Christopher T. Hill received his Bachelor's and Master's degrees from M.I.T. in 1972 and completed a Ph.D. in Elementary Particle Physics at Cal Tech in 1977. After two years at the University of Chicago, he joined the Fermilab Theory Group in 1979 and is now a Scientist II at the Laboratory. His work is focused primarily upon understanding the mechanism of electroweak symmetry breaking, i.e., "why are the weak forces weak?" which he views as the most important issue in particle physics today. He has emphasized with his colleagues the possible role of heavy fermions, such as the top quark, in the electroweak symmetry breaking dynamics. He has authored more than 100 papers and review articles in elementary particle physics and cosmology. He was elected a Fellow of the American Physical Society in 1989.
Introductory Comments: Symmetry
The principles of symmetry play a fundamental, yet relatively recent (20th century) role in physics. These are generally not taught in the high school or introductory college physics and mathematics courses. Should such ideas become incorporated into the introductory physics and mathematics curriculum?
I think the answer is yes. That which attracts the beginning student to the subject of physics are the modern, relevant, highly visible end product, e.g., semiconductors, the laser, nuclear and atomic processes, superconductors, superfluids, the formation of galaxies and black holes. These represent the culmination of the long arduous process of scientific research extending over many centuries. The serious student of physics will retrace this process through the study of classical mechanics and differential equations, leading to electromagnetic theory, relativity, quantum mechanics and statistical mechanics. This process takes some six to eight years of undergraduate and graduate physics courses. Only then, if the student chooses the very abstract field study, such as theoretical physics, will he or she begin to see the fundamental role of symmetry in the basic laws of physics. Indeed, even today many practicing physicists have no idea about the concept of, e.g., nonabelian gauge invarianance, which is the basic symmetry principle underlying all known forces in nature!

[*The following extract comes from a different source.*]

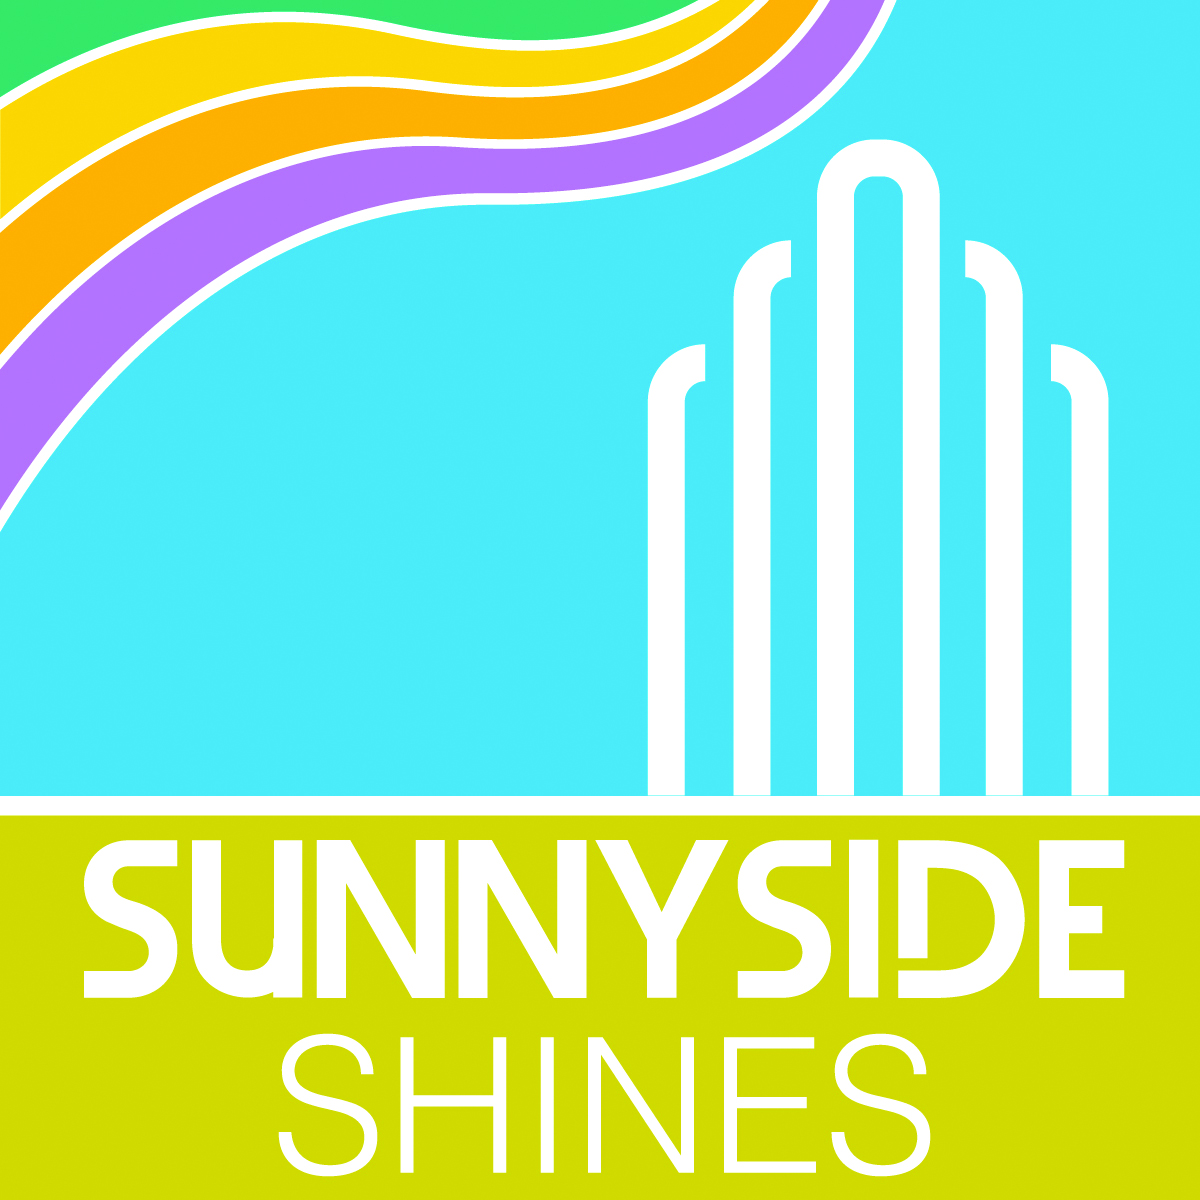 Sunnyshine sides logo

I certainly do not propose, or even consider it possible, that these concepts be taught in the detailed way in which the theoretical physicist must use them to beginning students. However, it is a tragedy that these fundamental ideas are accessible only to those who follow the long road to them. These are, after all, defining principles that govern everything in the universe.
Fortunately, it is possible to incorporate some of the underlying ideas of symmetry and its relationship to nature into beginning courses in physics and mathematics. An introduction to the mathematical ideas underlying symmetry, such as the discussion of the symmetry group of the equilateral triangle (S_3), can be taught at almost any level after a course in basic algebra and geometry. It enriches the latter and can be immediately applied to simple physics problems. When the elementary courses are spiced with these ideas, they begin to take on some of the dimensions of a humanities or fine arts study: Symmetry is one of the most beautiful mathematical concepts, and its expression in nature is perhaps the most stunning aspect of our physical world.

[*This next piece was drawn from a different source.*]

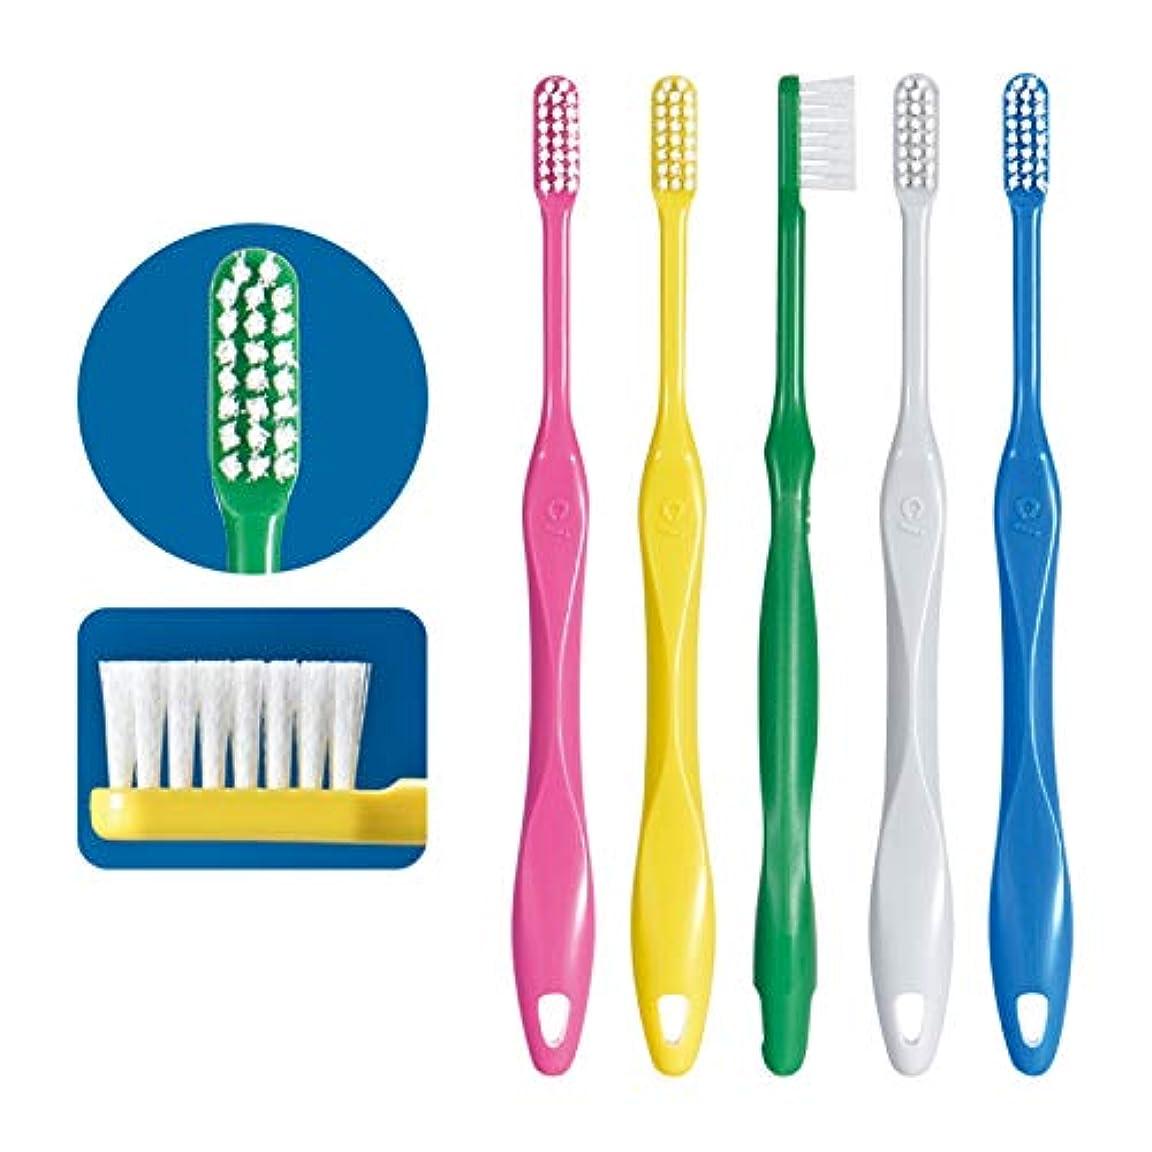 発信宣言するフレームワークCi スマート 歯ブラシ 20本 S(やわらかめ) 日本製 大人用歯ブラシ 歯科専売品

Given the declining interest and enrollment in the subject of physics, it is imperative that significant, new and fresh ideas be incorporated into the beginning programs. Symmetry is a vehicle for maintaining the student's interest in physics at the outset and connecting to the deeper aspects of our relationship and understanding of the physical world. The answer to the question "Why teach symmetry?" is simply an equation: Physics = Symmetry = Beauty.